For thousands of years, humans have treasured and shared folklore, a genre moderns sometimes affiliate with the naivete of earlier civilizations. However, through the exchange of archetypes, signs, and symbols, limitations of the cerebral can be bypassed, allowing meaning to bloom in the deepest nooks of the human soul.

While rationalism and empiricism often presume superiority, mockery of the fantastical is a handicap--a confession that one walks about with a glaring blind spot. Rare and beautiful is the ability to listen to the ancient pulse of story wherever it appears, protecting the spark of human ability to trust that even a vision or a dream might carry us somewhere worthwhile.

"Unless you become like a child, you will never enter the kingdom of heaven," teaches one of the world's great faith systems.
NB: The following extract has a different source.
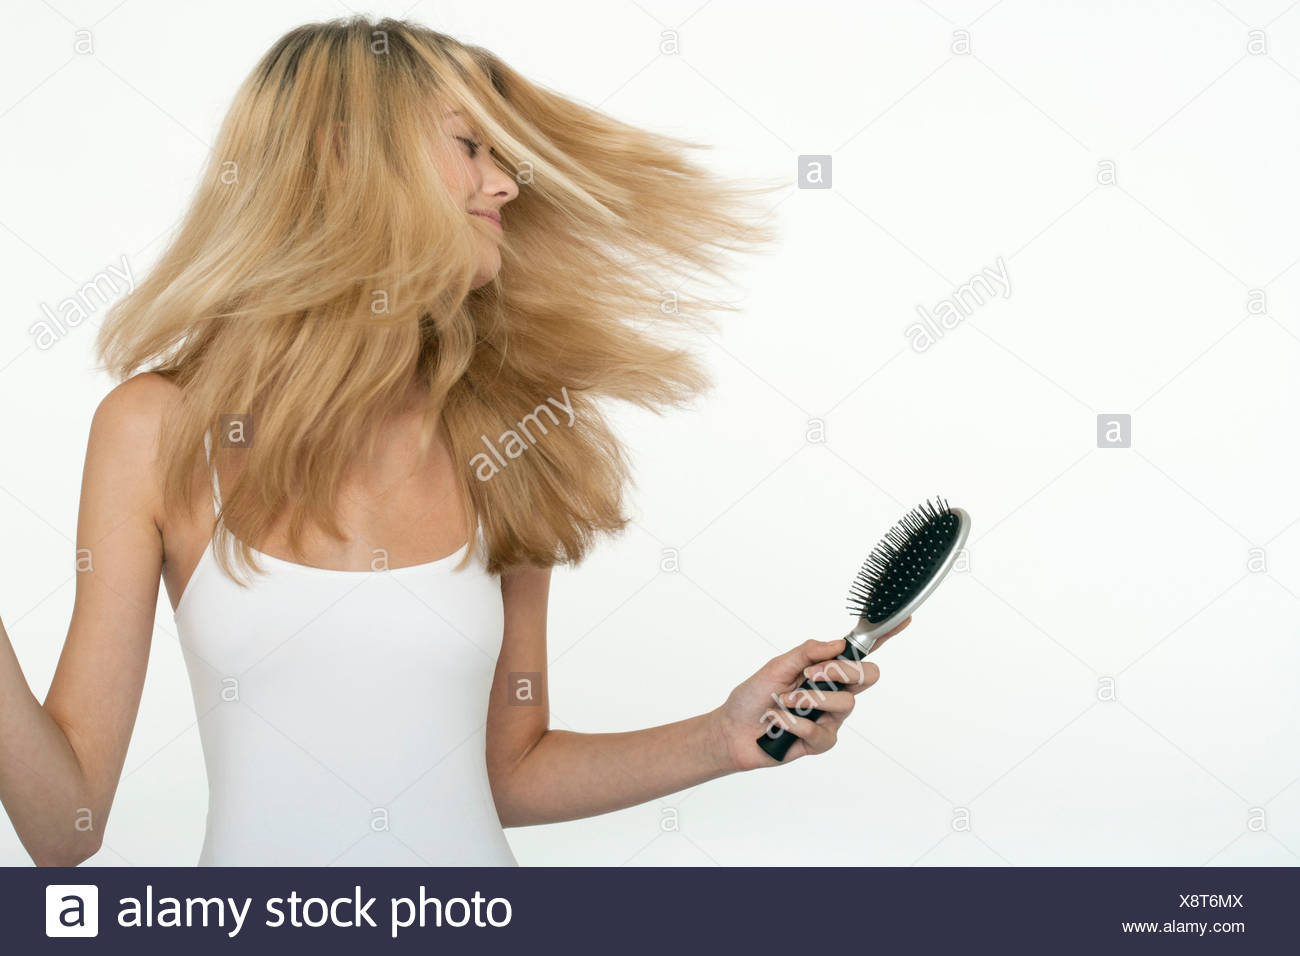 Teen girl tossing her hair - Stock Image
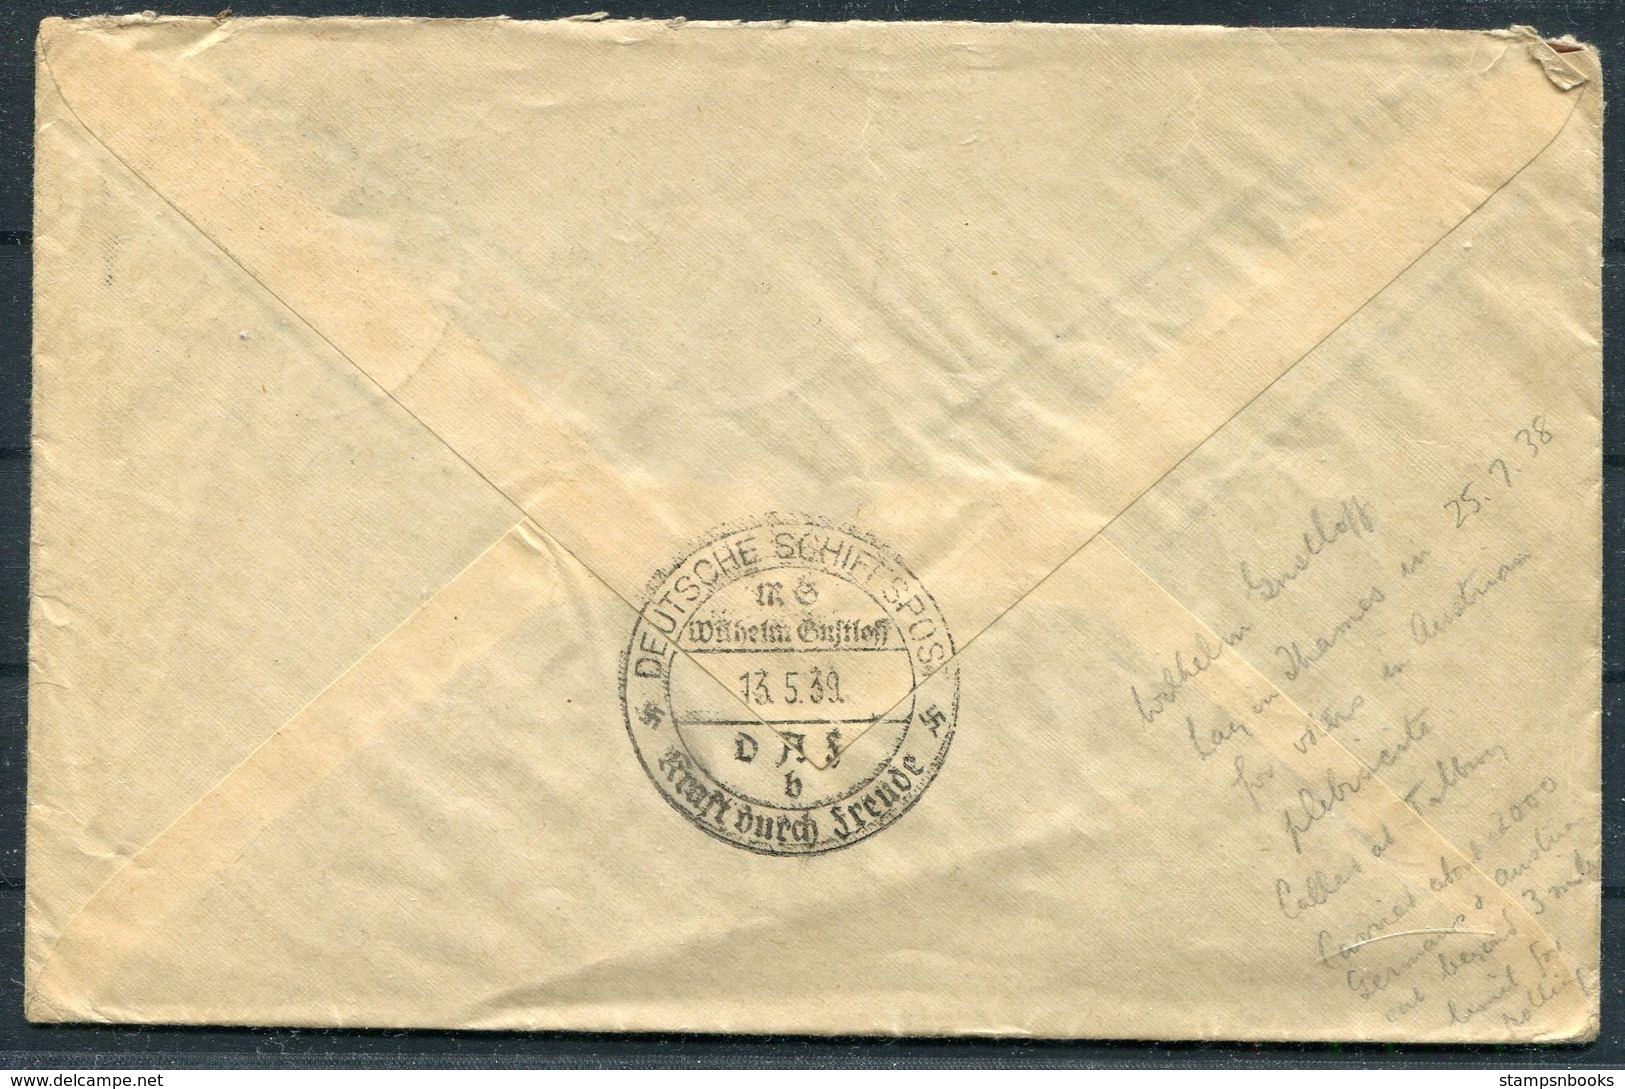 1939 Germany Deutsche Schiffspost D.A.S. Ship Kraft Durch Freude Cover - Wien Austria - Briefe U. Dokumente

How audacious to suggest that the gauntlet one must complete to reap eternal rewards requires running toward the qualities of youth.

But, too often we lose when we grow instead of gain.

 

 

 

 

 

 

One of the great Western storytellers, C.S. Lewis, wrote: "Some day you will be old enough to start reading fairy tales again." After a season of fierce rationalism, the Oxford don learned that the wisdom of sitting once more like a child before a story.

So, perhaps the first gift we must give ourselves when meeting Taro is permission to watch as the children we once were.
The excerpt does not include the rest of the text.